- Origin: United States
- Genres: Hip hop
- Years active: 1995–present
- Formerly of: Rusty Ps

= Oneself (rapper) =

Aron Smith, known by his stage name Oneself or MC Oneself, is an American hip hop artist based in Milwaukee, Wisconsin. A former member of the Rusty Ps, he began his career in 1995.

Oneself was influenced by jazz, reggae, funk and punk rock.
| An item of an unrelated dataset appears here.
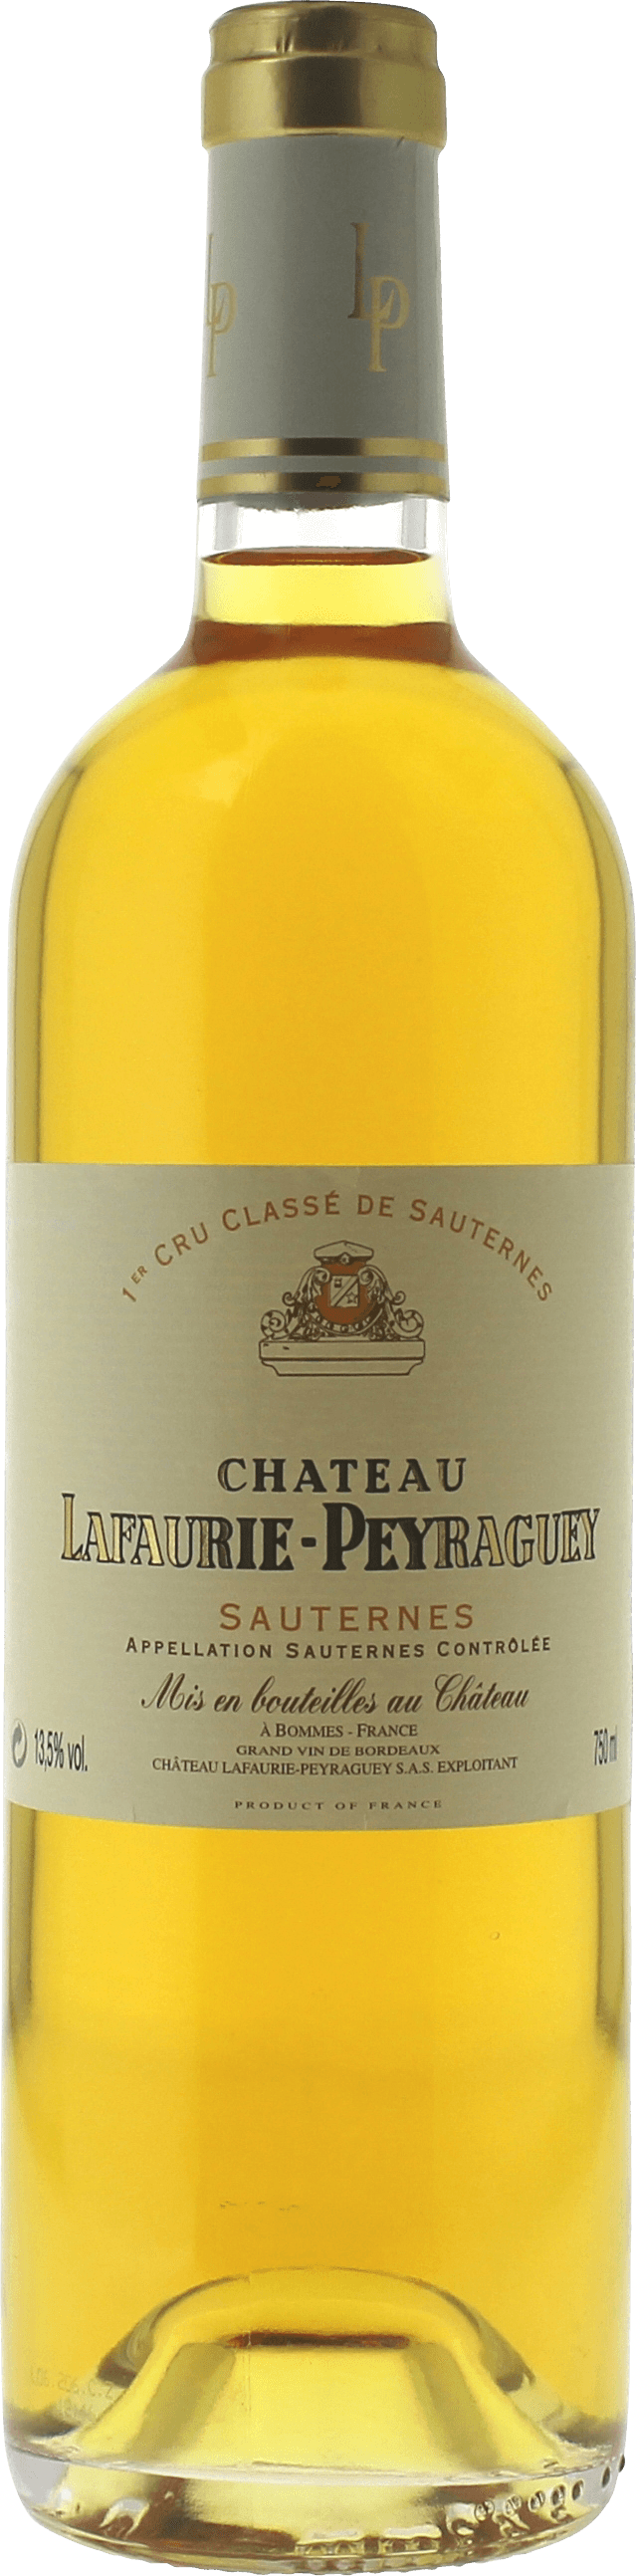 Lafaurie peyraguey 1989  Sauternes, Bordeaux blanc

==Tours and performances==
As a member of Rusty Ps, he toured nationally with groups such as The Pharcyde. As an opening act, with the Rusty Ps, he also performed with groups such as Run DMC, Eminem, Blackalicious, Latyrx, DJ Shadow, The Roots, Slick Rick, Jurassic 5, Hieroglyphics, The Black Eyed Peas, Nappy Roots and Atmosphere. As a solo artist he has opened for Sage Francis, KRS-One and Souls of Mischief.

==Awards==
- Wisconsin Area Music Industry - Best Hip-Hop/Rap artist
- Shepherd Express "Best of Milwaukee" - Voted "best of" by the readers

==Discography==
===Rusty Pelicans/Rusty Ps===
- "Prototype RPCP" 12" - The first released recording by the Rusty Pelicans. Recorded at Walls Have Ears, Milwaukee. Vocal recording, mix and mastering done at Hollywood Sound in Hollywood, California. (1999)
RPCP stands for "Rusty Pelican, Civilized Person"
- The Best Part - The first full-length CD recorded by the Rusty Pelicans. Recorded at Bionic Studios, Milwaukee. (1999)
- "Tread Water" 12" - The second single recorded and released by the Rusty Pelicans in support of their album, Out of Many. This single was released internationally. (2000)
- Out of Many - The second full-length CD release recorded by the Rusty Ps. Recorded at Bionic Studios, Milwaukee. This album included collaborations with The Pharcyde and Atmosphere and was released internationally. (2001)
- One - the third full-length CD release recorded by the Rusty Ps. Recorded at Bionic Studios, Milwaukee. (2002)

===Solo releases===
- "Oneway" - First solo release on 12" vinyl with the songs "Oneway", "Love Like This" and "Cooler by the Lake".